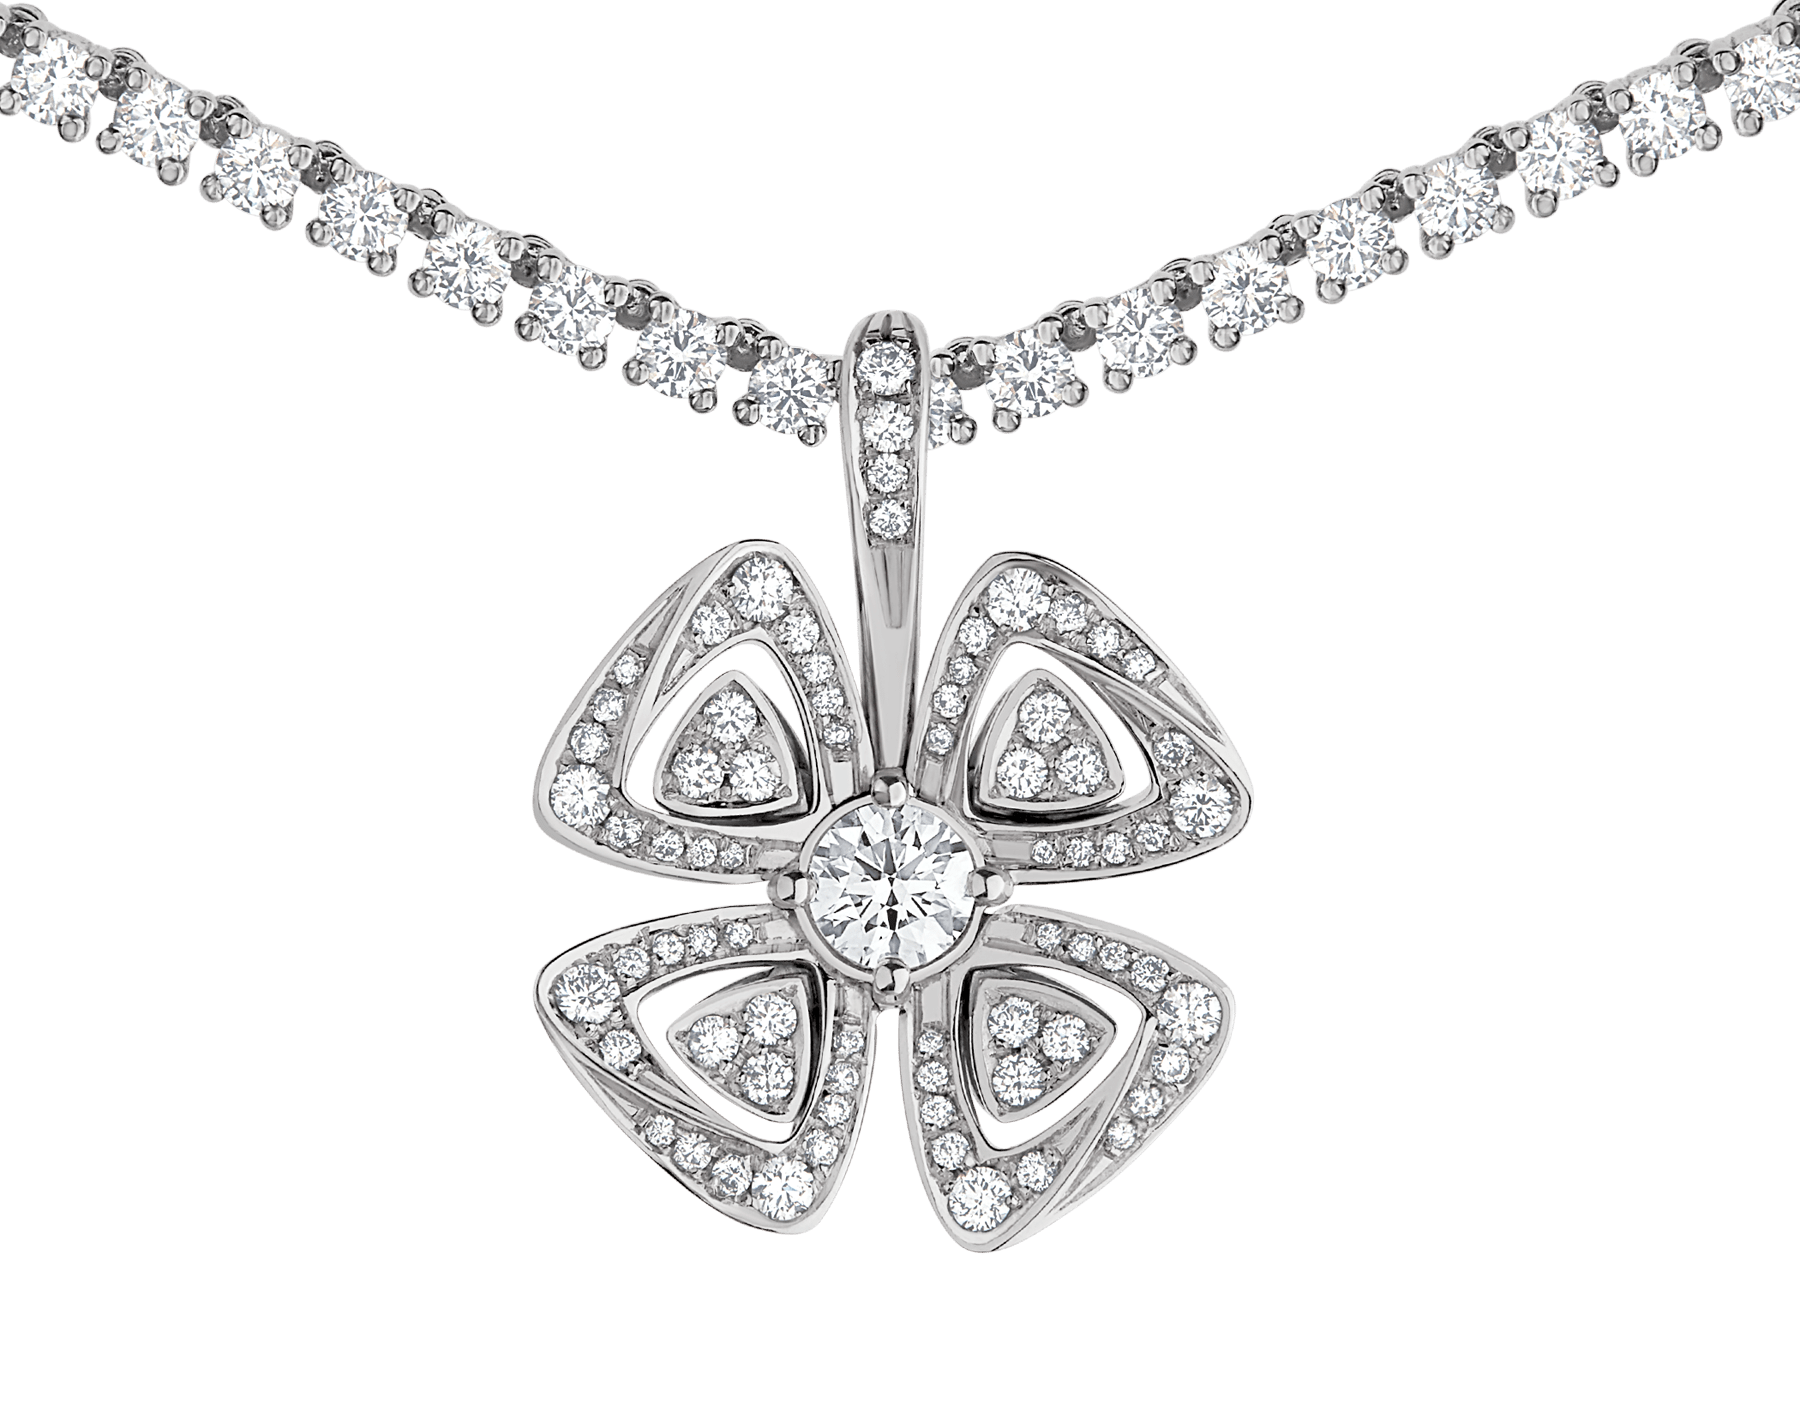 Fiorever 18 kt white gold convertible pendant necklace set with brilliant-cut diamonds (5.55 ct) and pavé diamonds (0.41 ct) 358351 image 3
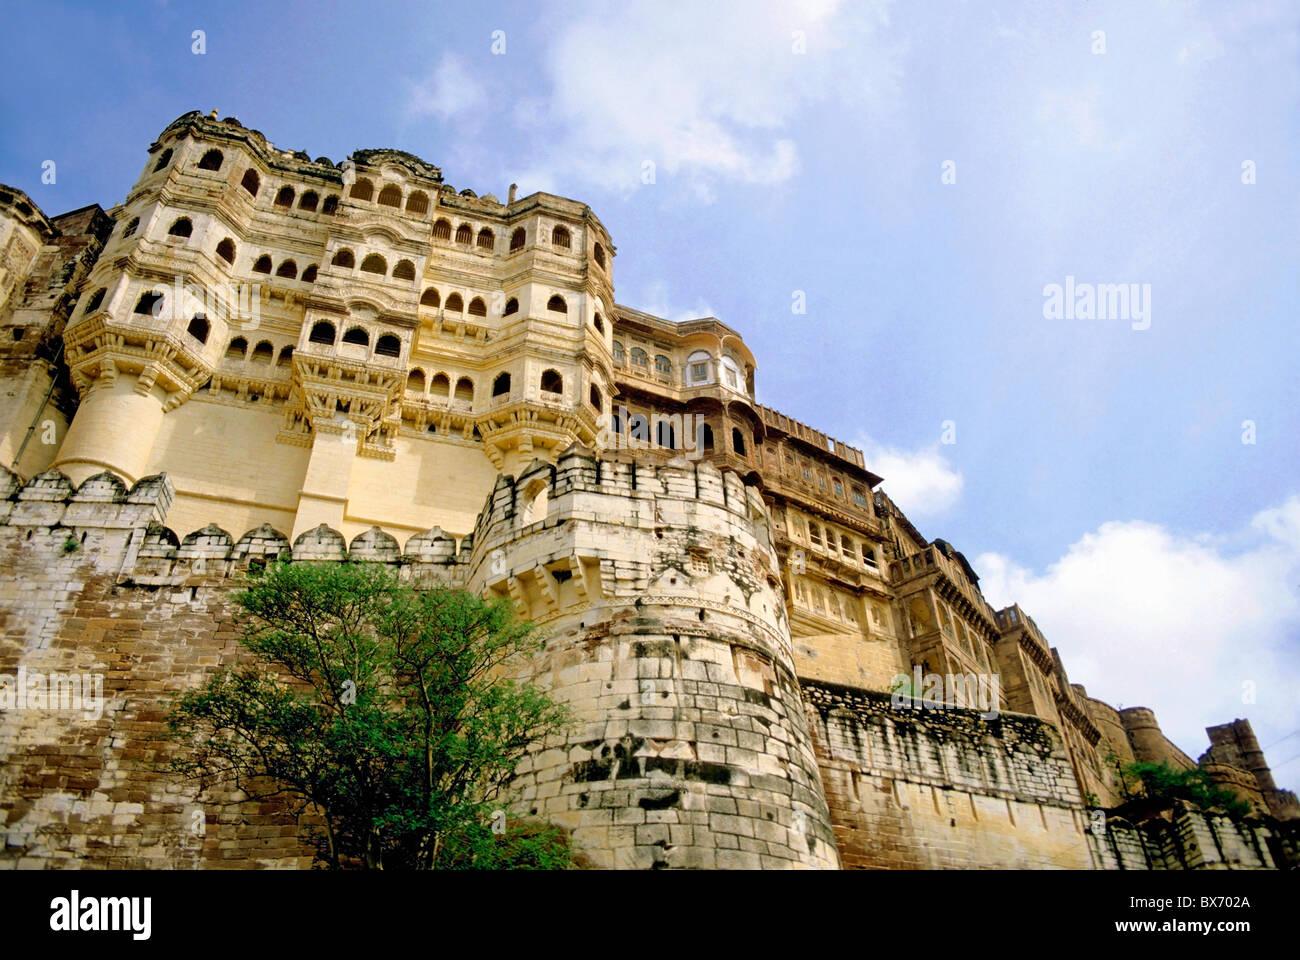 Forte Mehrangarh, Jodhpur, Rajasthan, India. Immagini Stock
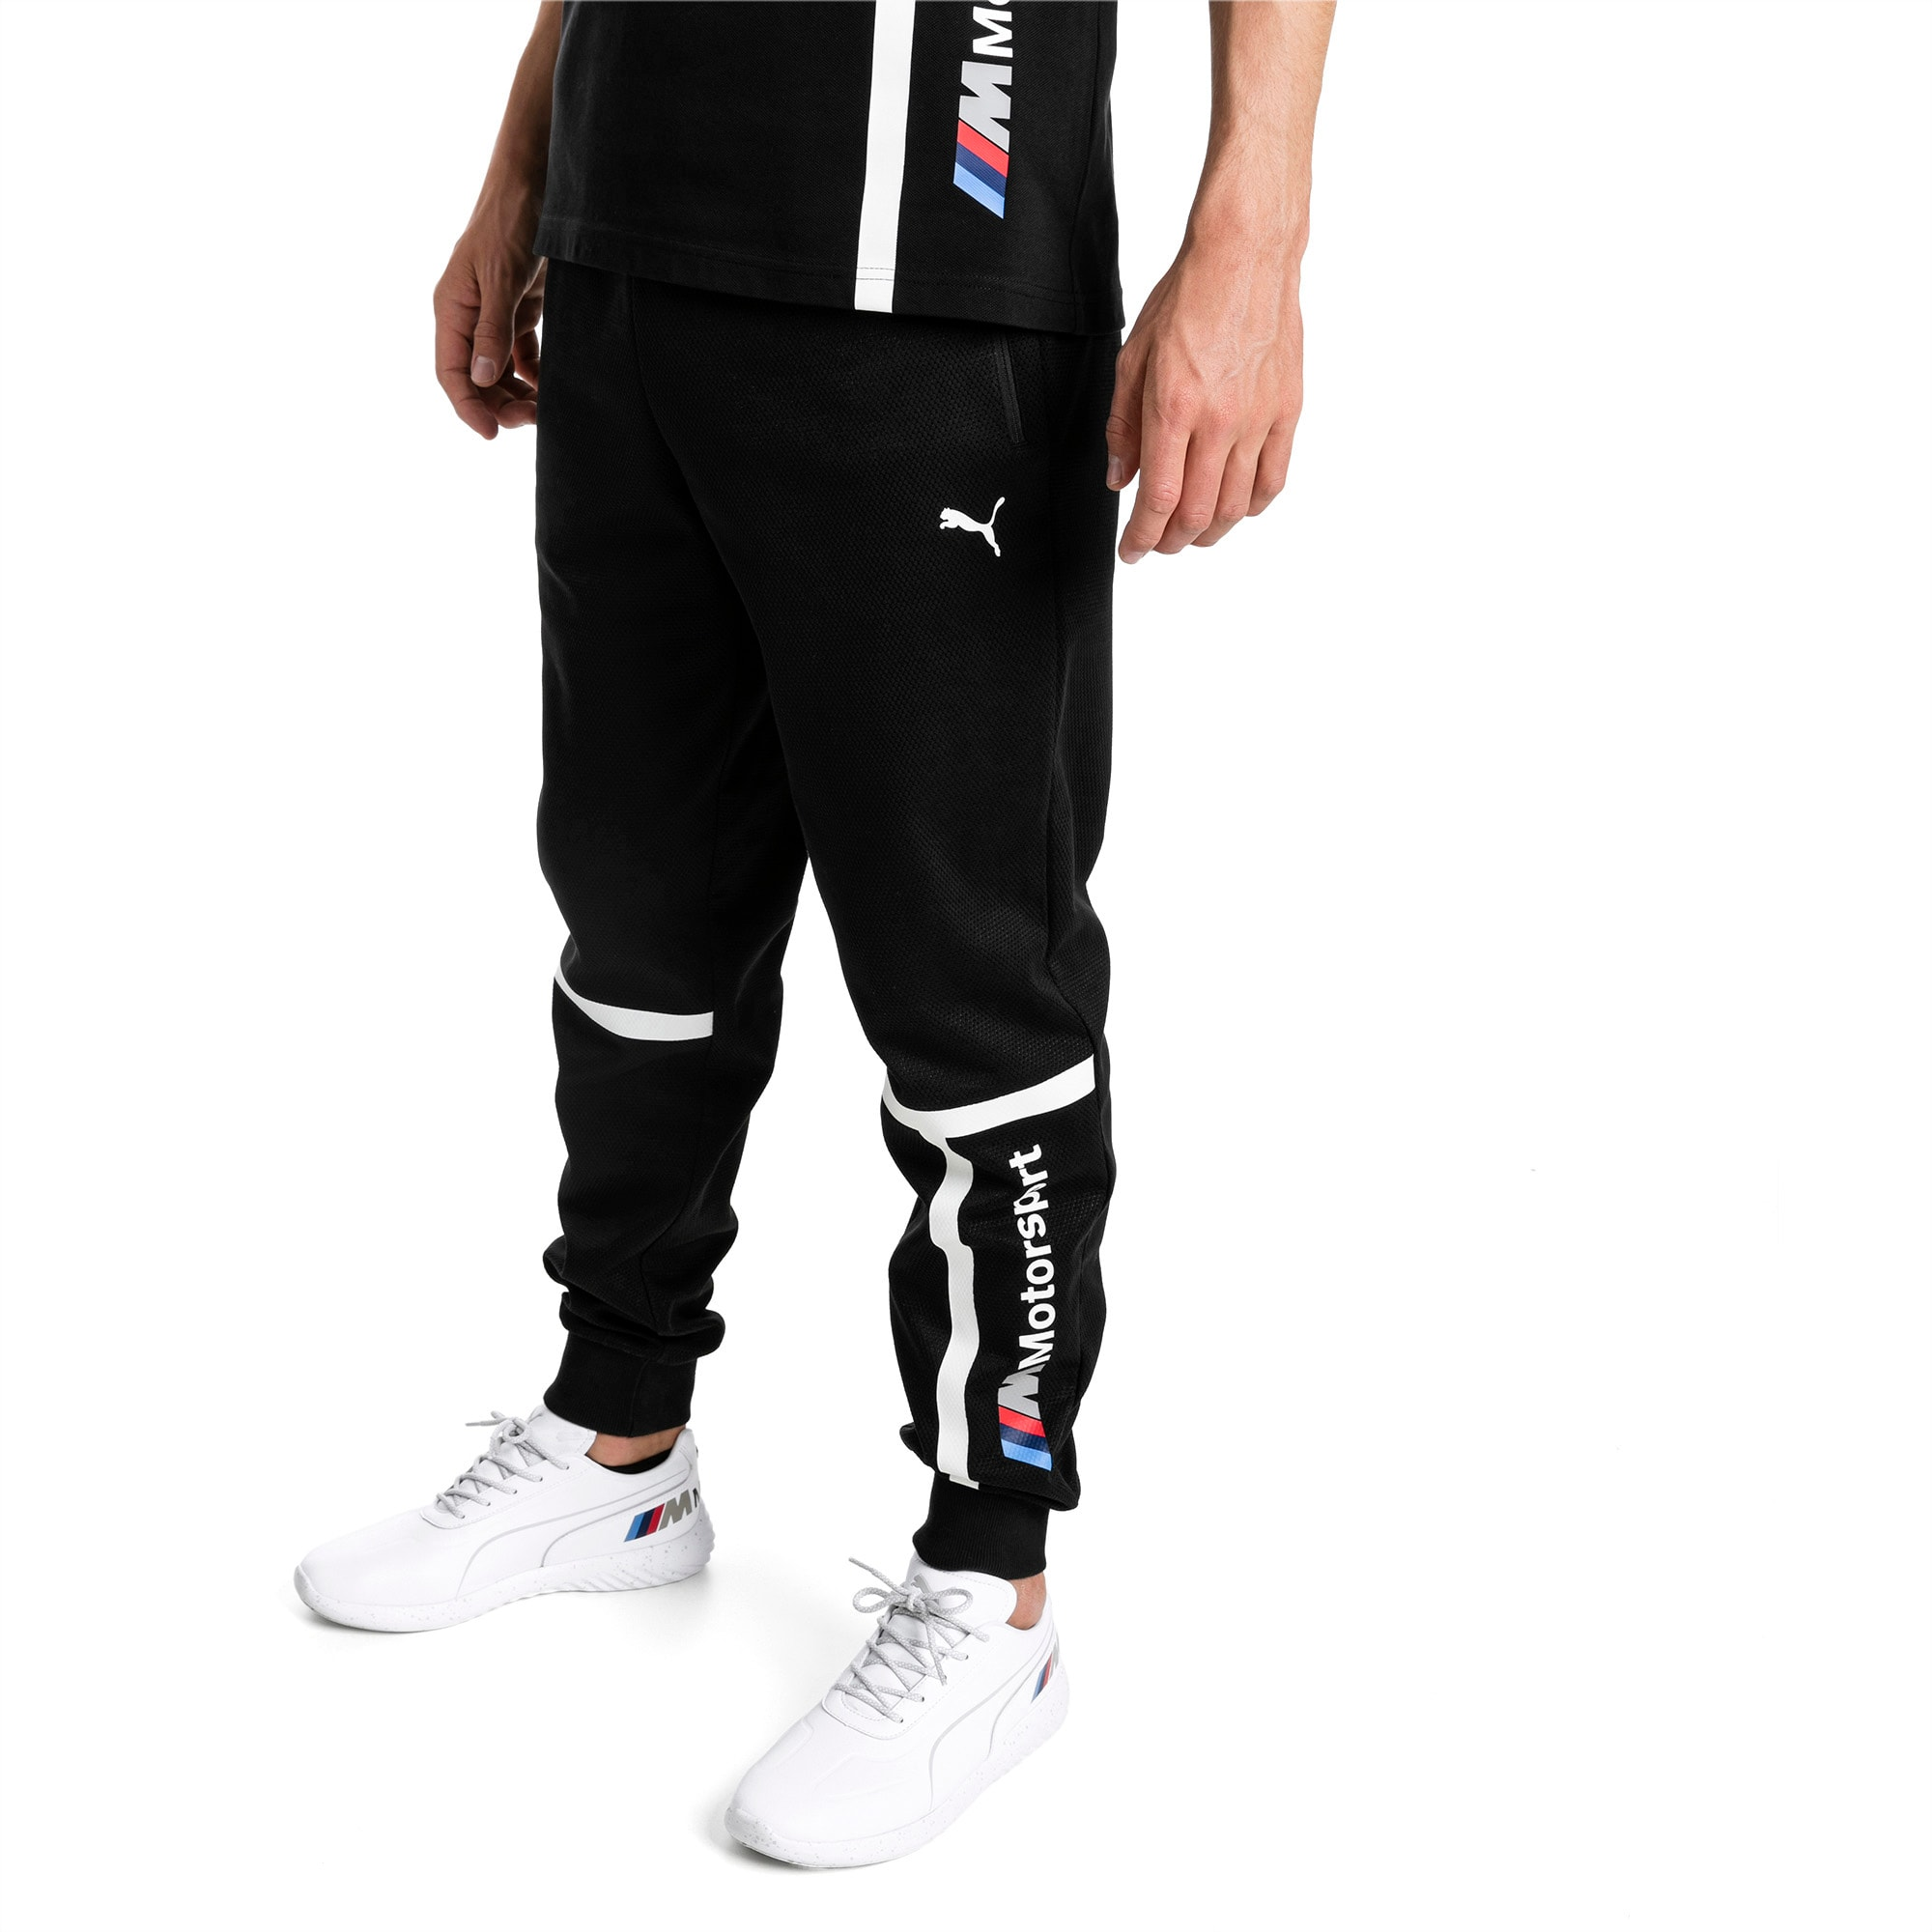 BMW Motorsport Knitted Men's Sweatpants

**What you should do:** Write out exactly the lines from the line that contains "Forte Mehrangarh, Jodhpur, Rajasthan, India." through the end of the material, including both ends. No pictures belong in the copy.

**Result of this exercise:**
 Forte Mehrangarh, Jodhpur, Rajasthan, India. Immagini Stock
 BMW Motorsport Knitted Men's Sweatpants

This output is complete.